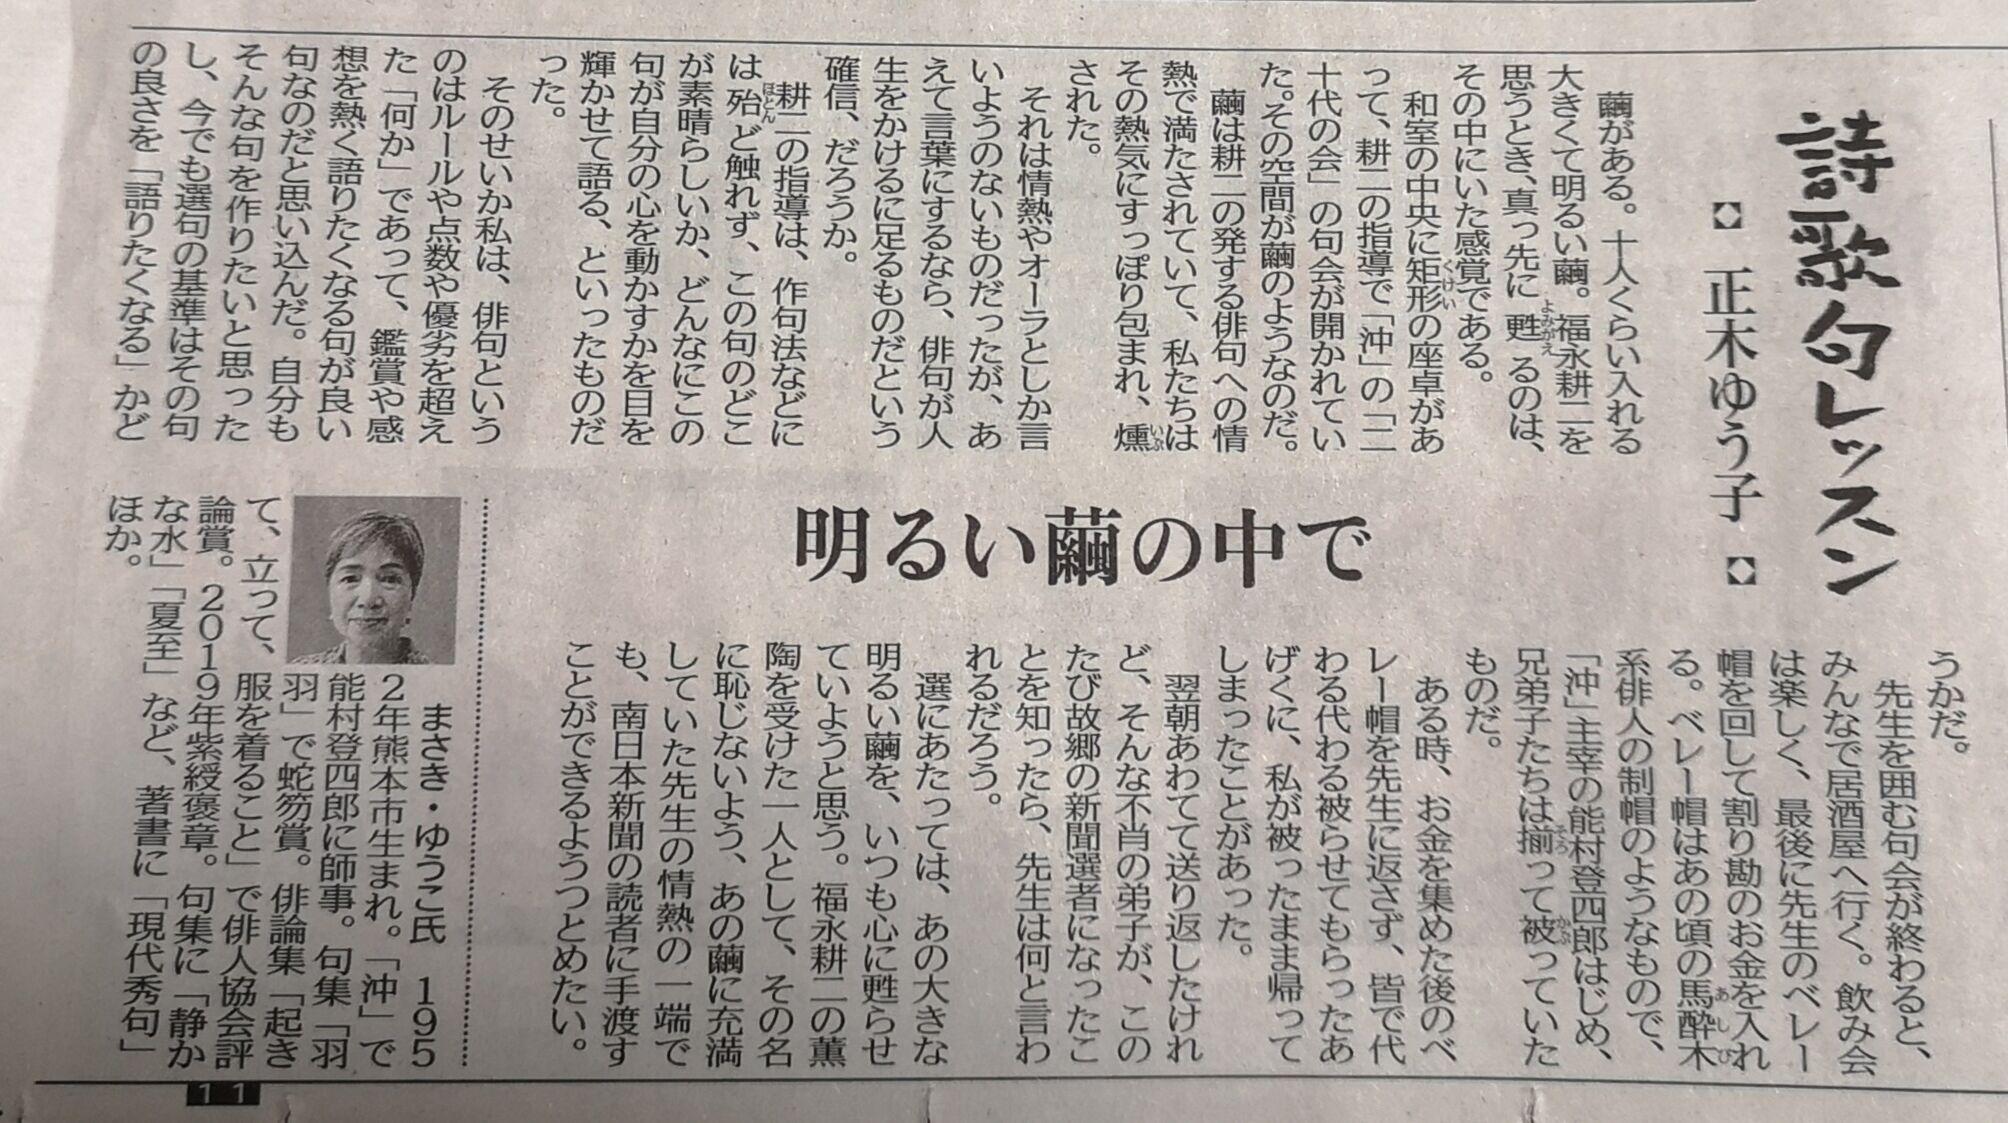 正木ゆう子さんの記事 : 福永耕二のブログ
* * *
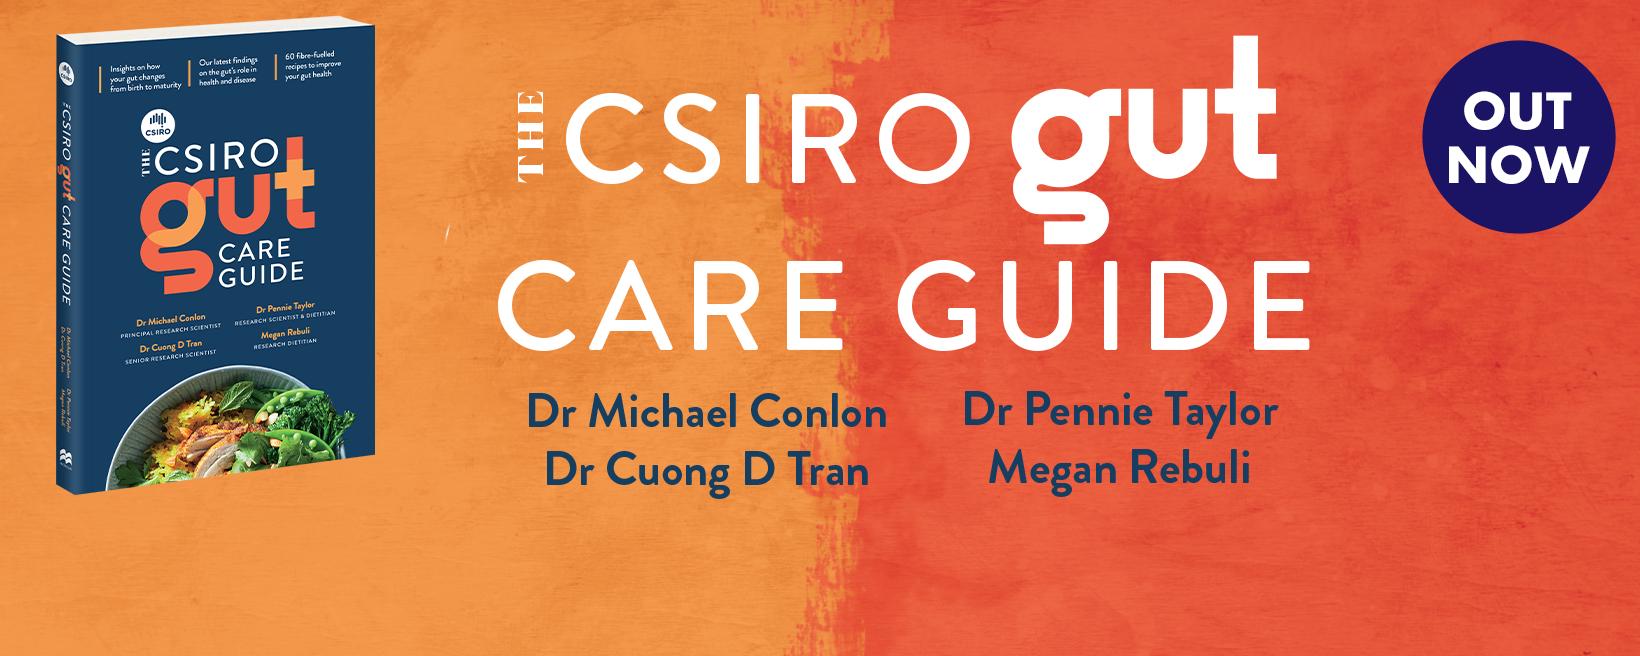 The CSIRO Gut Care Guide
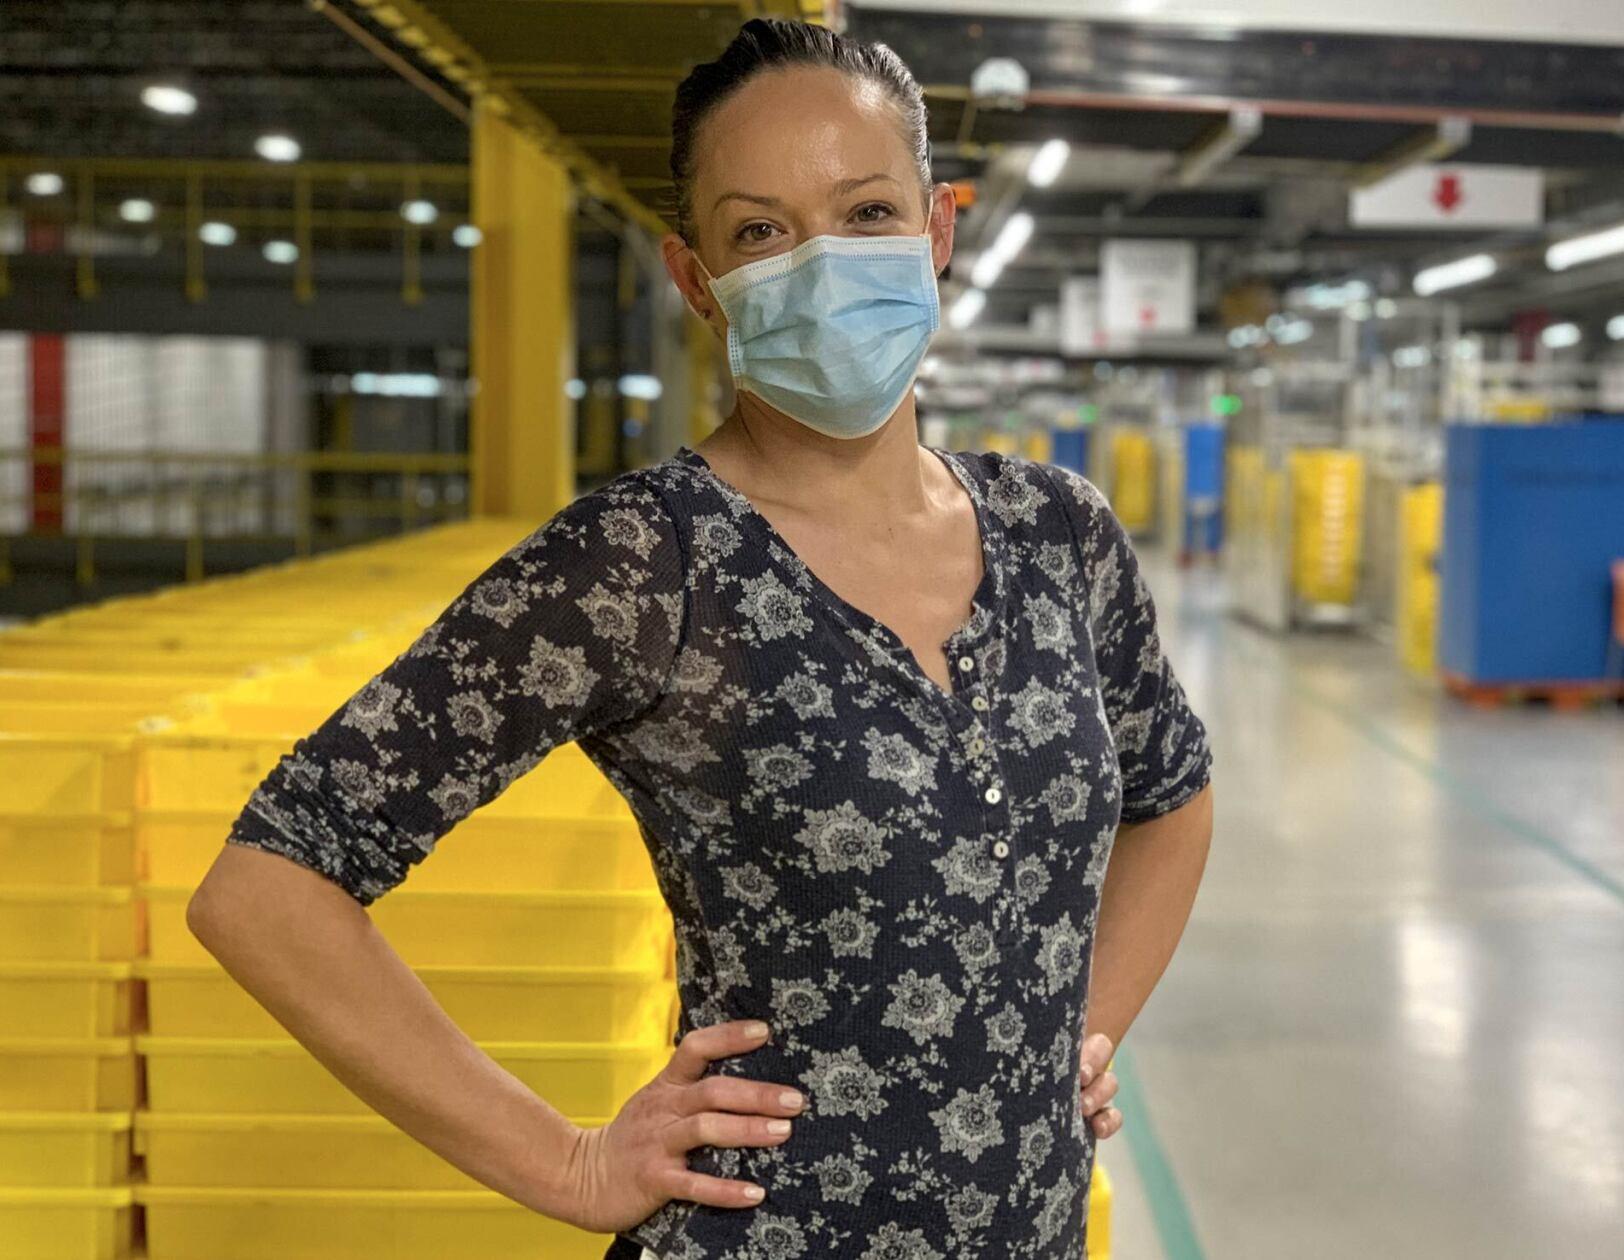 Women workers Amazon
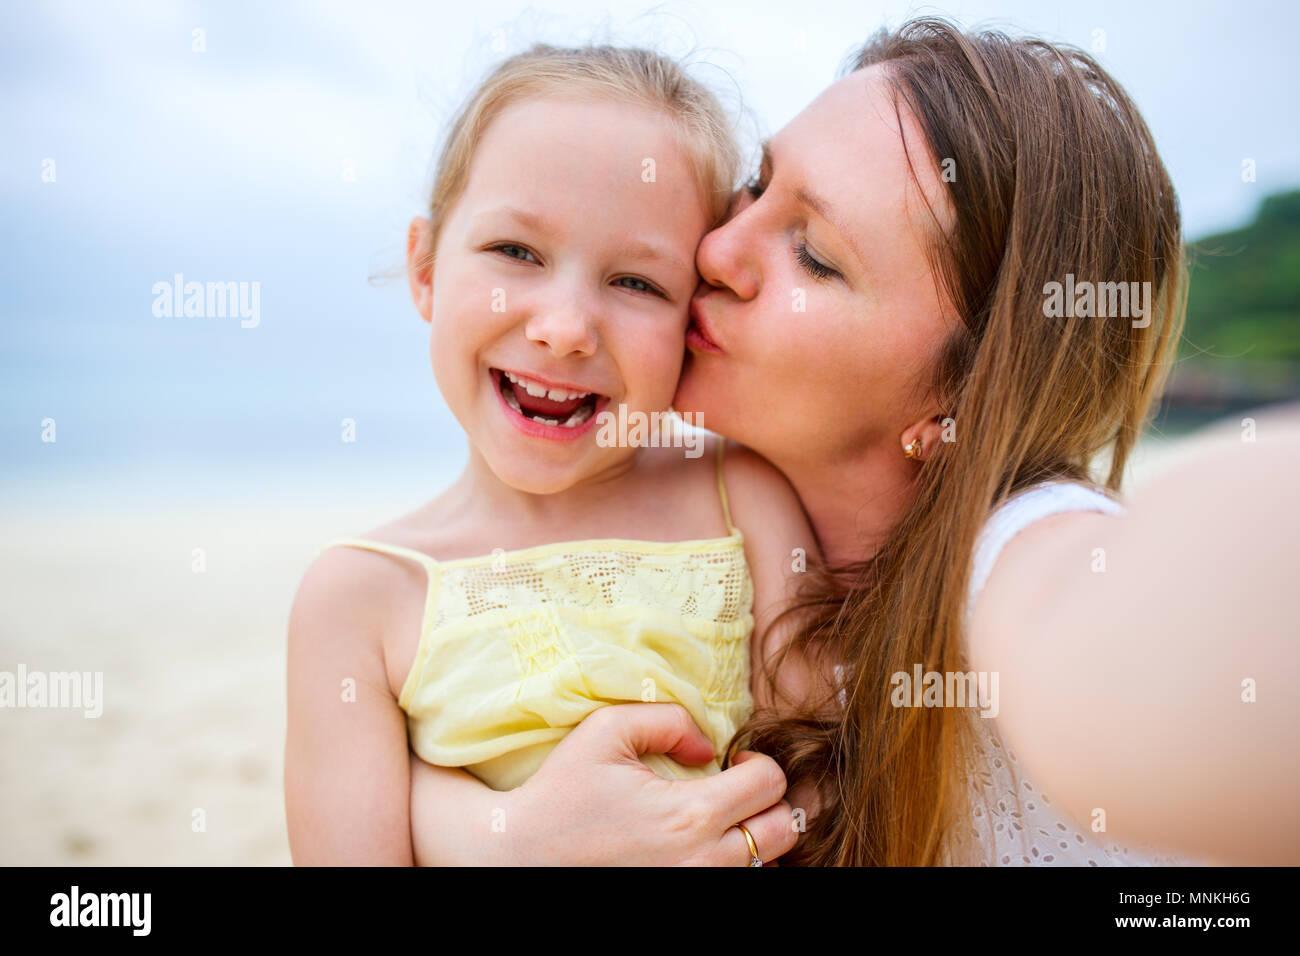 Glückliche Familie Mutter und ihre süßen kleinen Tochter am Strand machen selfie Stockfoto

=== Your task ===
Above is the material; set down exactly its lines from the one containing "Women workers Amazon" down to the one containing "Glückliche Familie Mutter", both included, leaving out any pictures.

=== Answer space ===
 Women workers Amazon
 Glückliche Familie Mutter und ihre süßen kleinen Tochter am Strand machen selfie Stockfoto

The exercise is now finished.